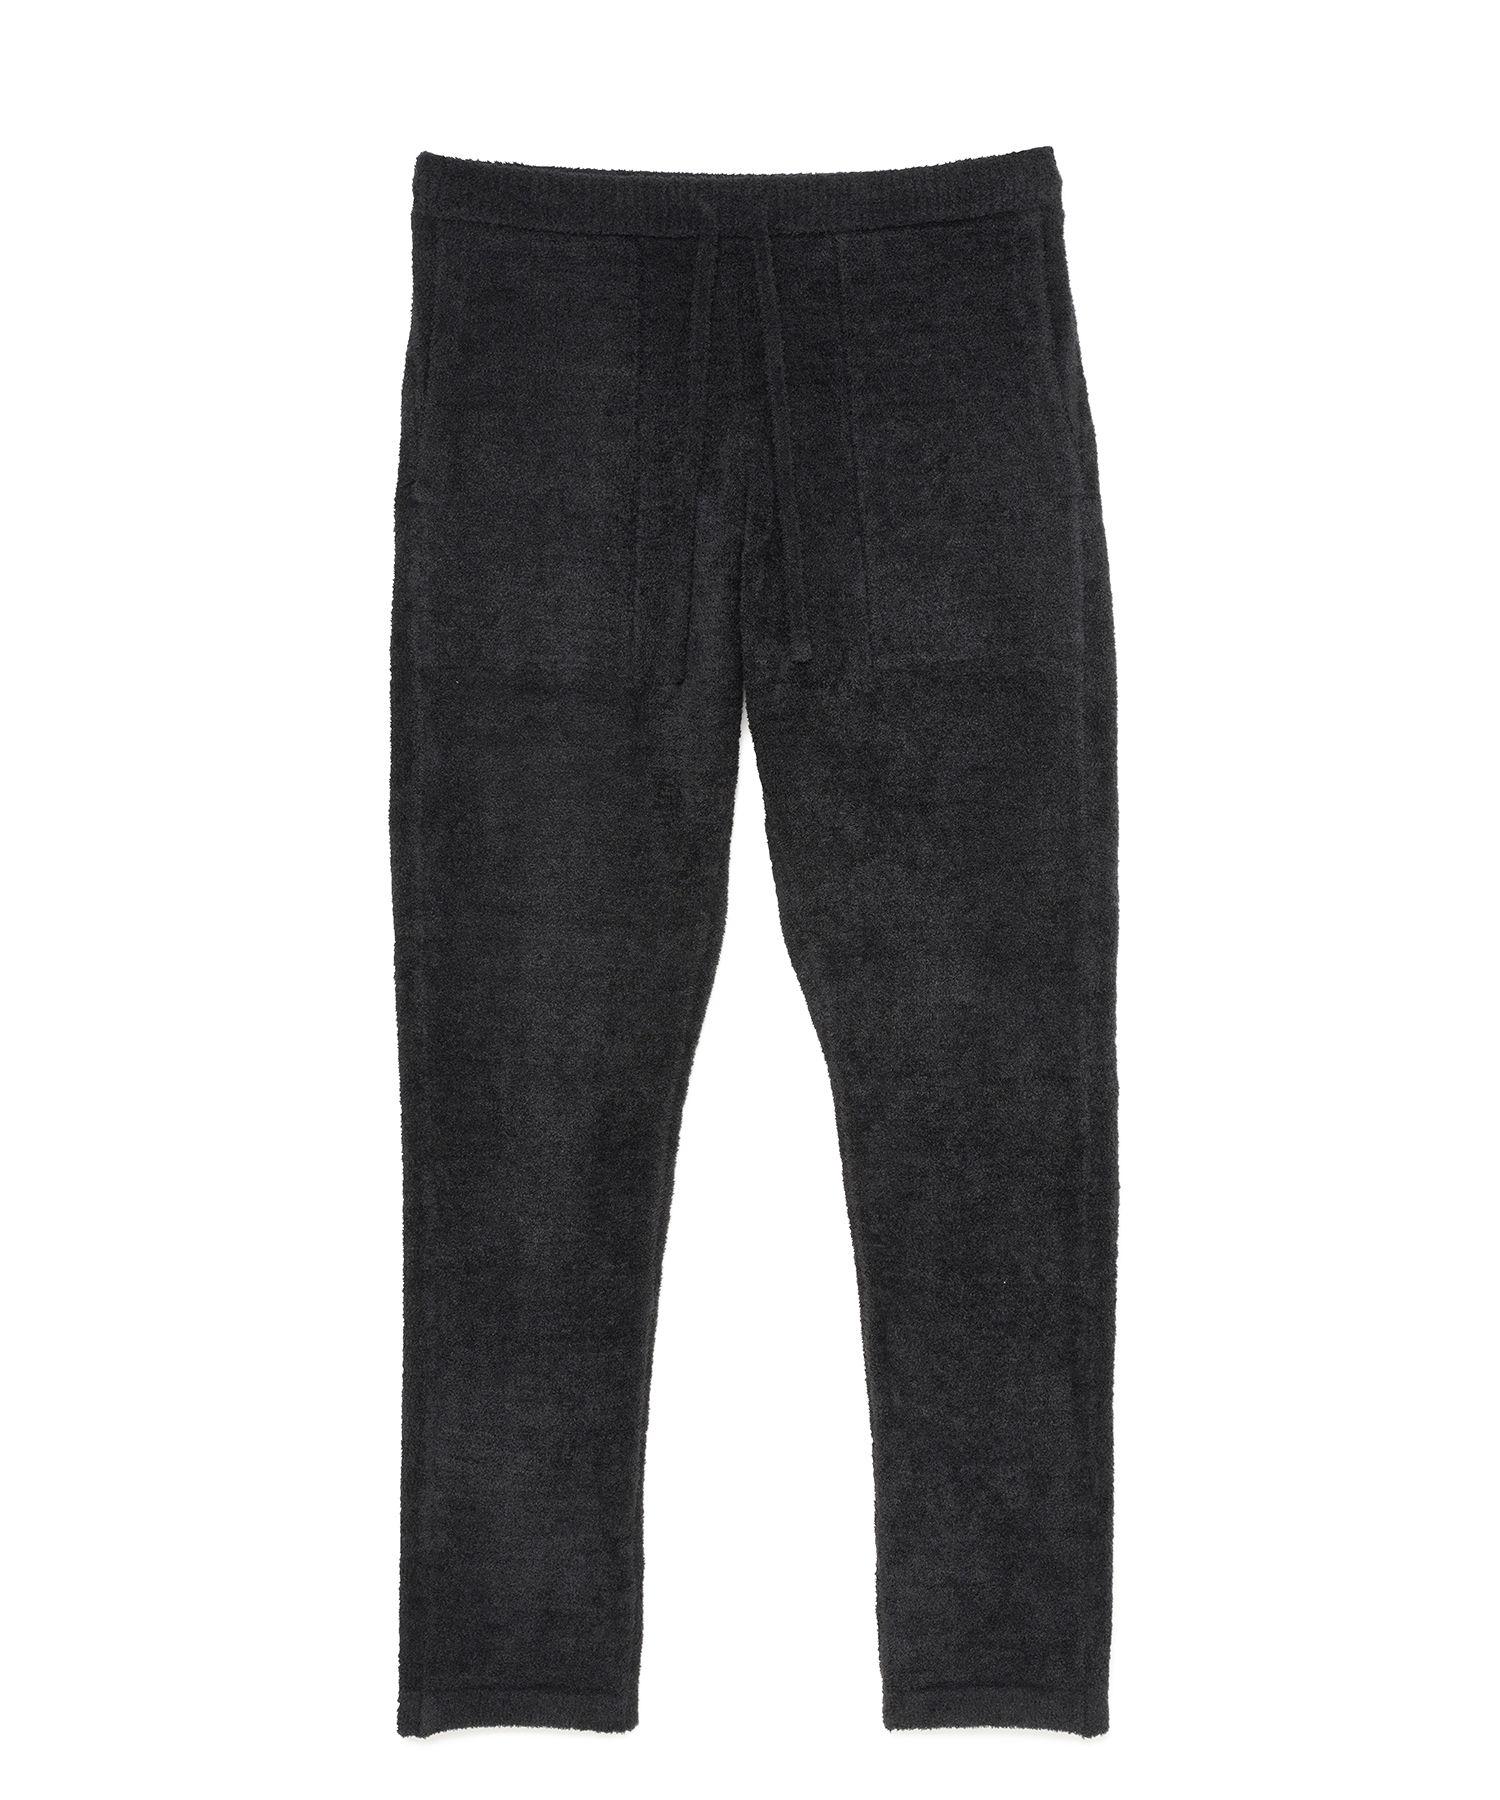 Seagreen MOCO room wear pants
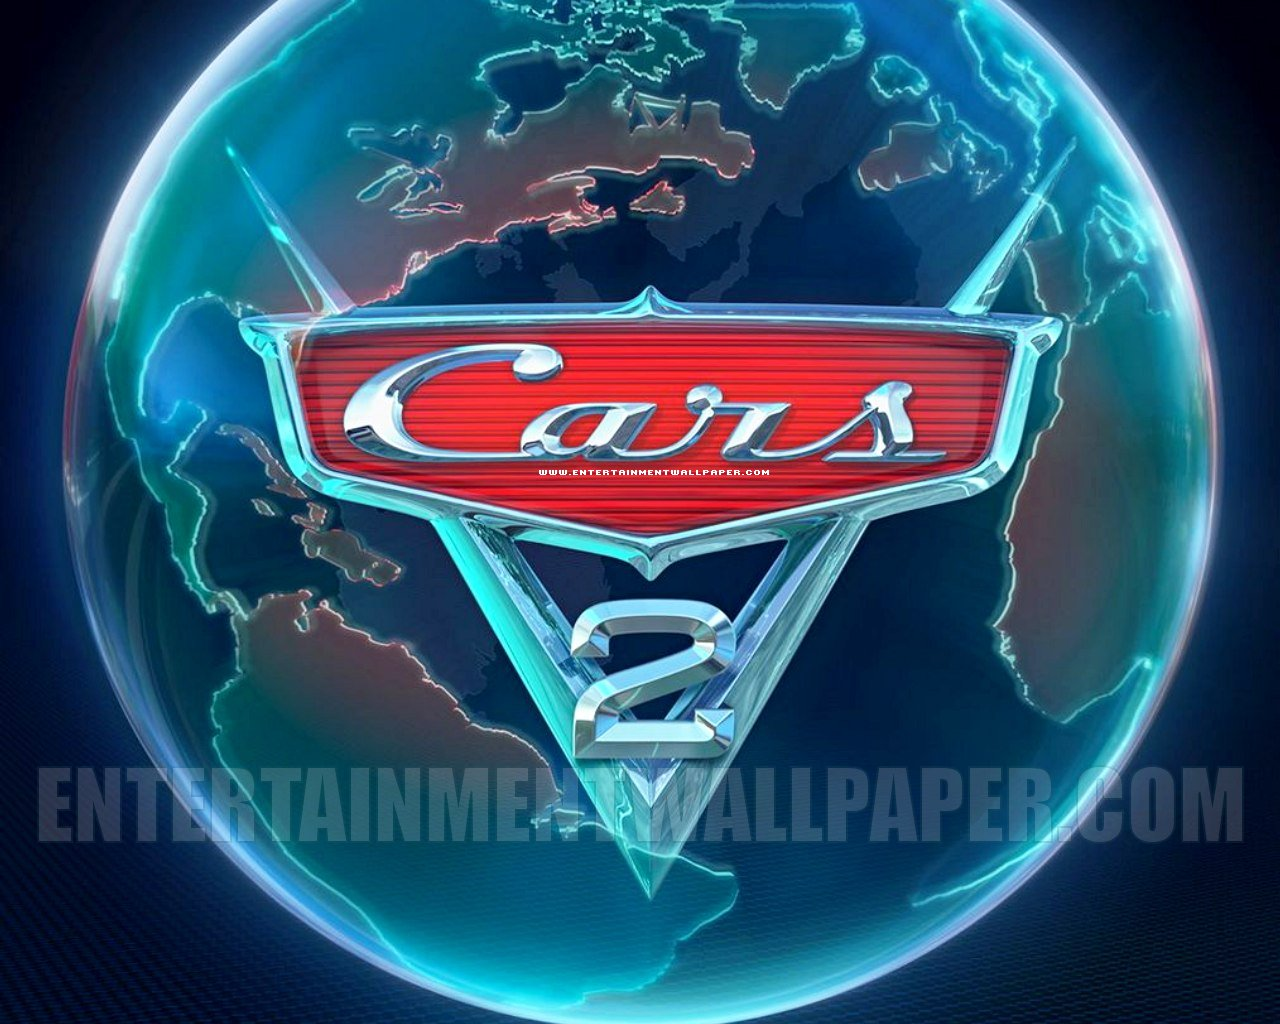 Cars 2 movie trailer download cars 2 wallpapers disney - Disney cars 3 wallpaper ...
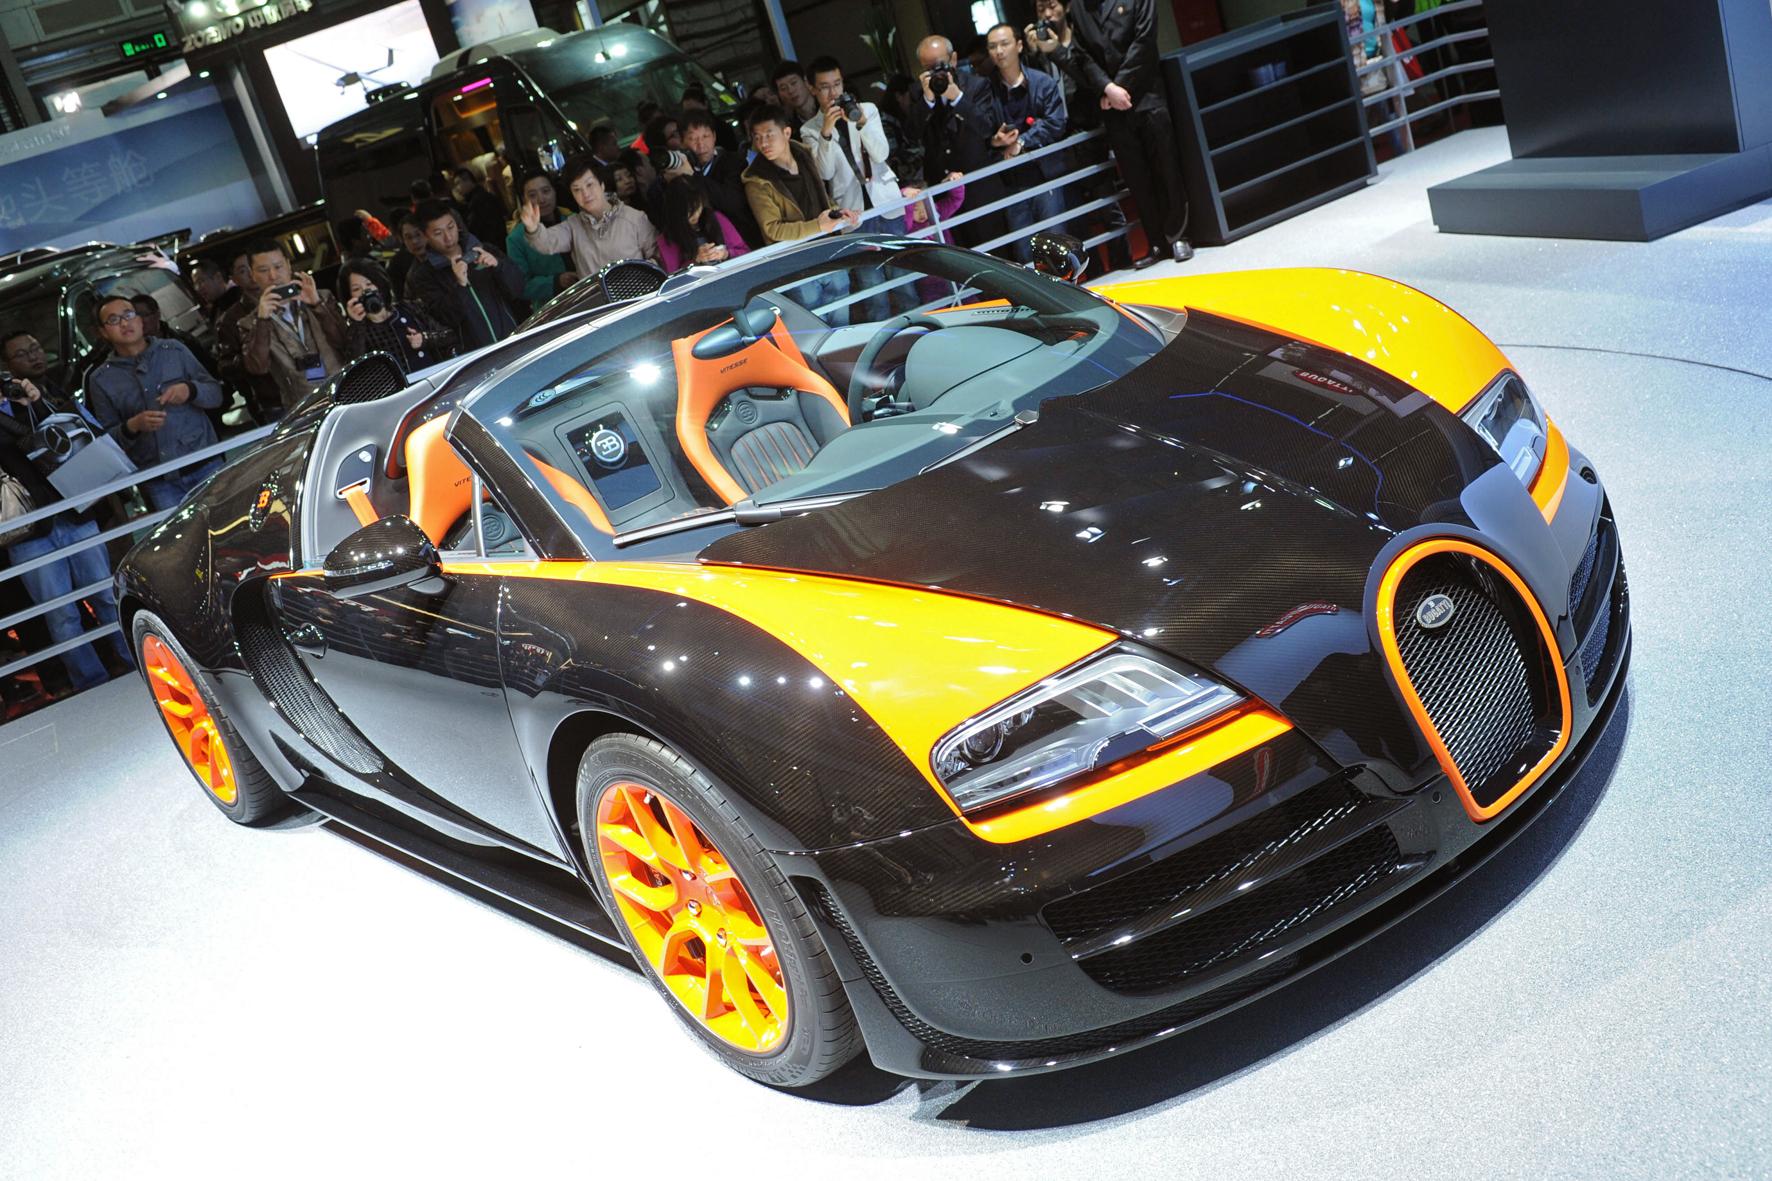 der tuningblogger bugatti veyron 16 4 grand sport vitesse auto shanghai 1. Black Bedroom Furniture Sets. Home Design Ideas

• _Goal of the exercise_
Pictures aside, retype the material exactly.

• _Solution for this exercise_
 Seagreen MOCO room wear pants
 Cars 2 movie trailer download cars 2 wallpapers disney - Disney cars 3 wallpaper ...
 der tuningblogger bugatti veyron 16 4 grand sport vitesse auto shanghai 1. Black Bedroom Furniture Sets. Home Design Ideas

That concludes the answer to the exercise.